Unraveling the interaction of iron oxide and microorganisms with internal iron cycling in arid desert riparian forest

Iron (Fe) is crucial for the normal growth and development of plant roots. In arid desert soils, the low availability of Fe poses a significant nutritional obstacle to the growth and development of desert riparian forests. However, the characteristics and mechanisms of microbial Fe cycling in desert riparian forests ecosystems are poorly understood.

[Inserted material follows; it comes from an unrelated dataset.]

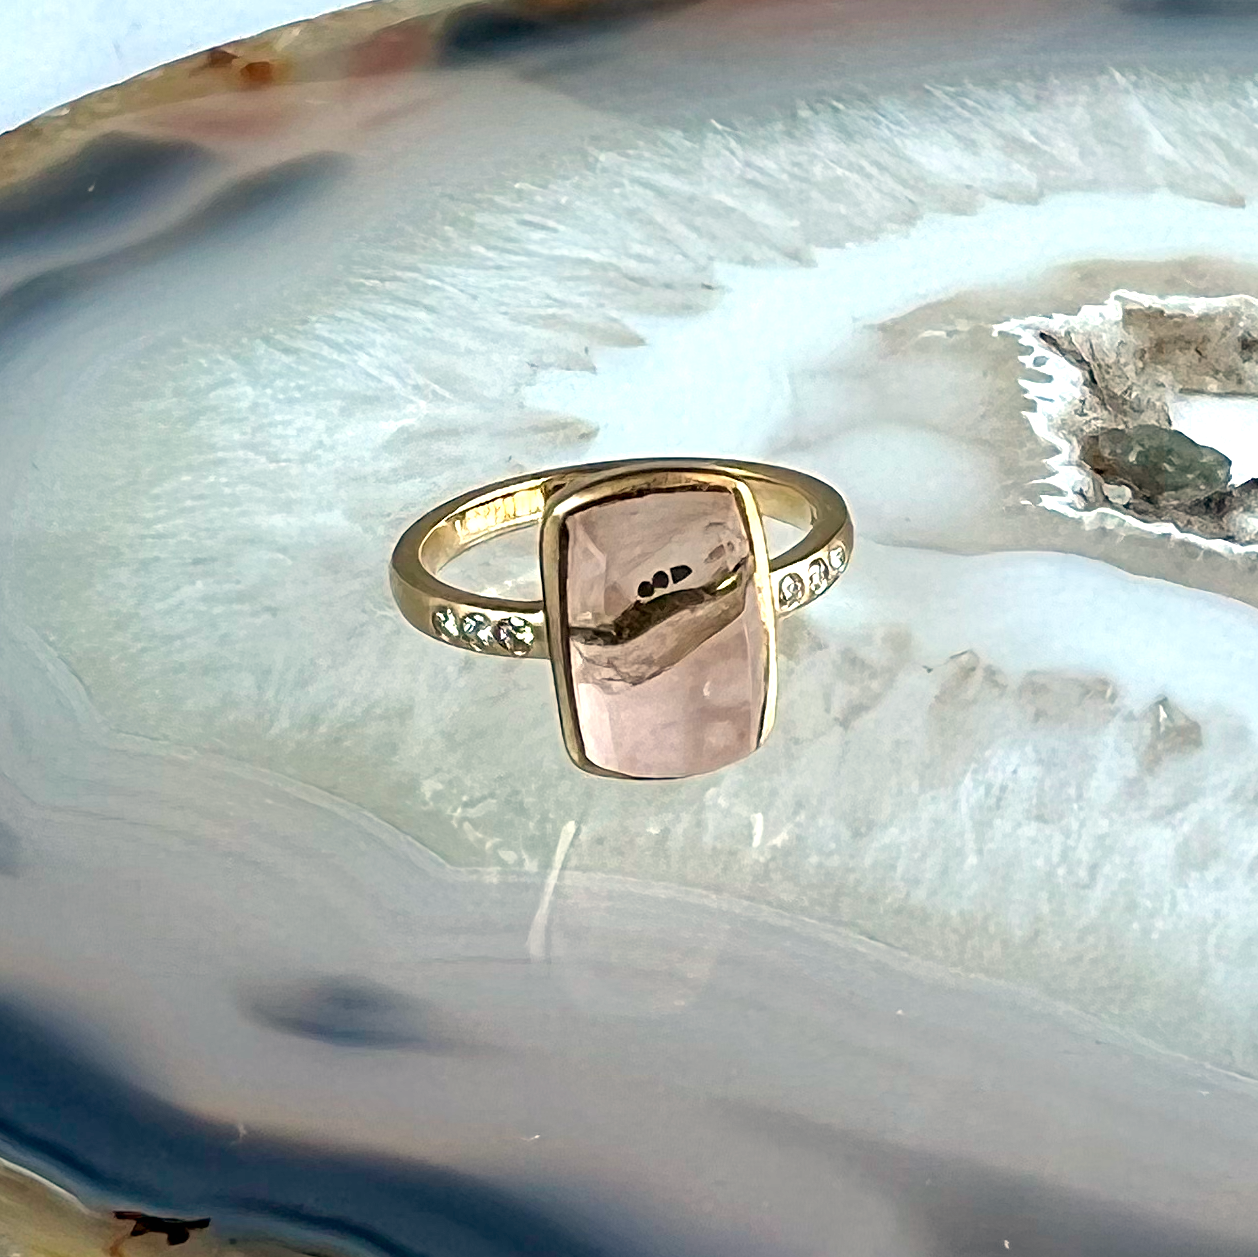 Kintsugi Rose Quartz Gold Ring with Diamonds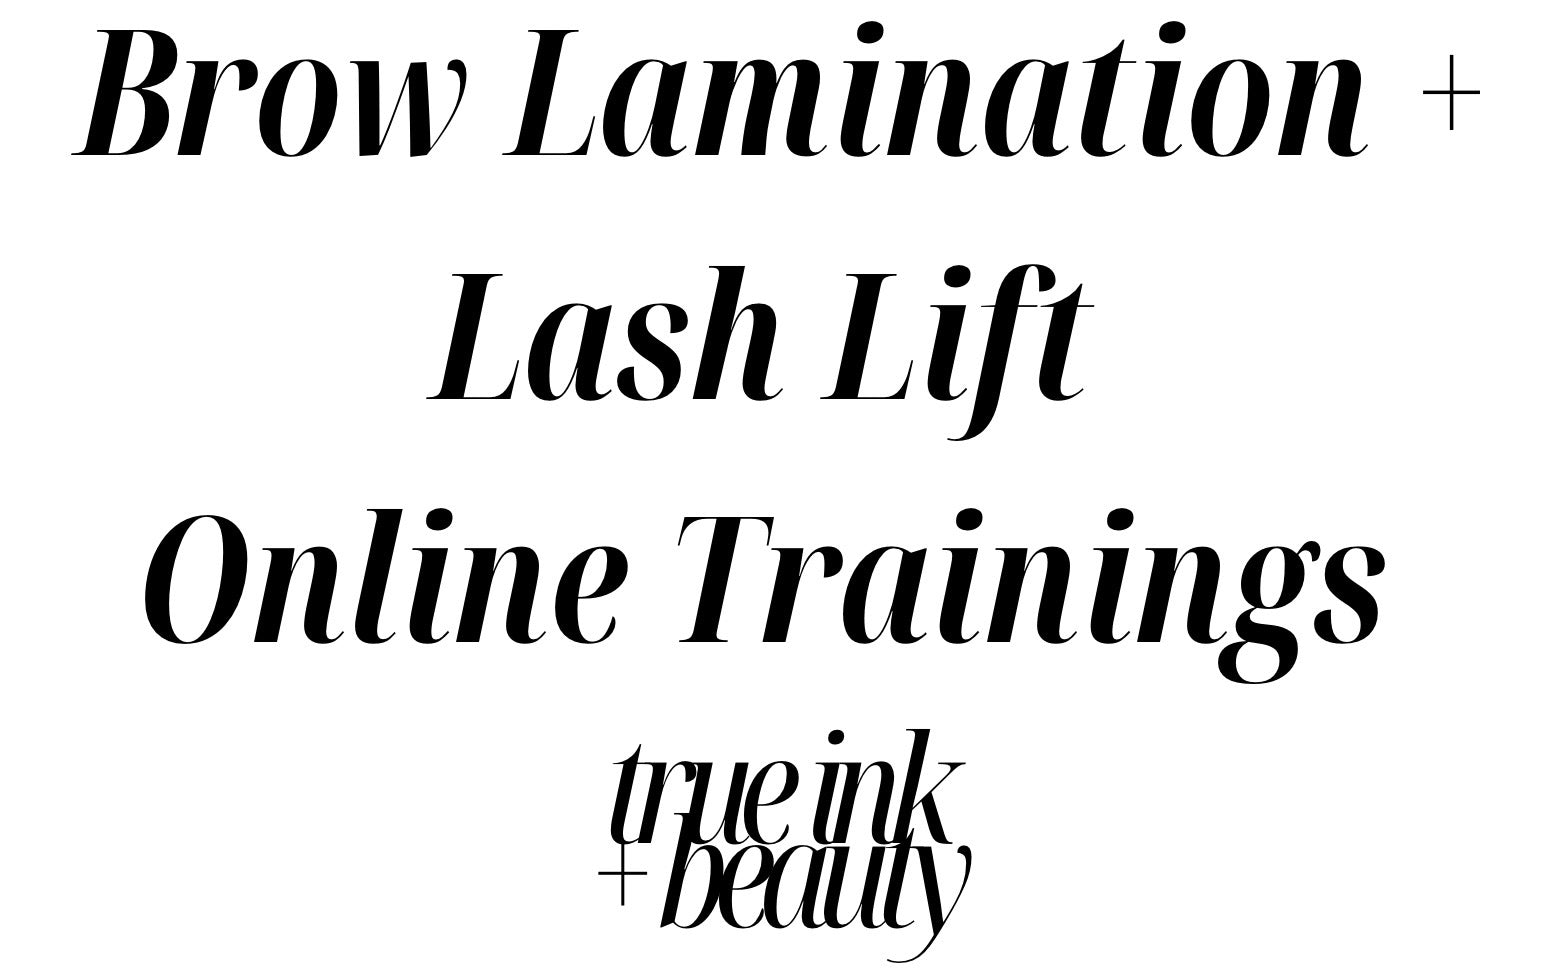 Load video: Brow Lamination Lash Lift Trainings Intro Video

This study used metagenomics to assess the responses and driving mechanisms of key microbial functional genes associated with Fe cycle in the rhizosphere and bulk soils along a drought stress gradient (mild, moderate, and severe) in a desert riparian forest in northwest China. Generally, the rhizosphere effect lowers soil pH while increasing the availability of Fe-related nutrients. Genes involved in Fe uptake (mbt, pch, ccm) and Fe-Mn transport (sit) were significantly higher in the rhizosphere than in bulk soils (P < 0.001). Genes involved in Fe transport (tro, sit) were significantly higher under severe drought stress (S) than under the mild drought stress (Mi) gradient (P < 0.05). In the Fe cycle network, the complexity of Fe cycling genes and the co-occurrence network increased gradually with an increase in drought stress. Enrichment of Actinomycetes involved in the Fe cycle is a conservative response of plants to drought stress. Iron oxide (Fe_d, Fe_p) is the main composition of soil Fe in desert riparian forests, and on the drought stress gradient, Fe_p is the key influencing factor of Fe cycling where microbes participate, while soil pH plays a leading role in the rhizosphere environment. Our findings highlight that the rhizosphere effect, akin to a magnetic effect, transfers Fe from the bulk soil to the rhizosphere, particularly enhancing Fe absorption and transport. This rapid Fe redox cycle and transport help mitigate Fe deficiency in arid desert forests.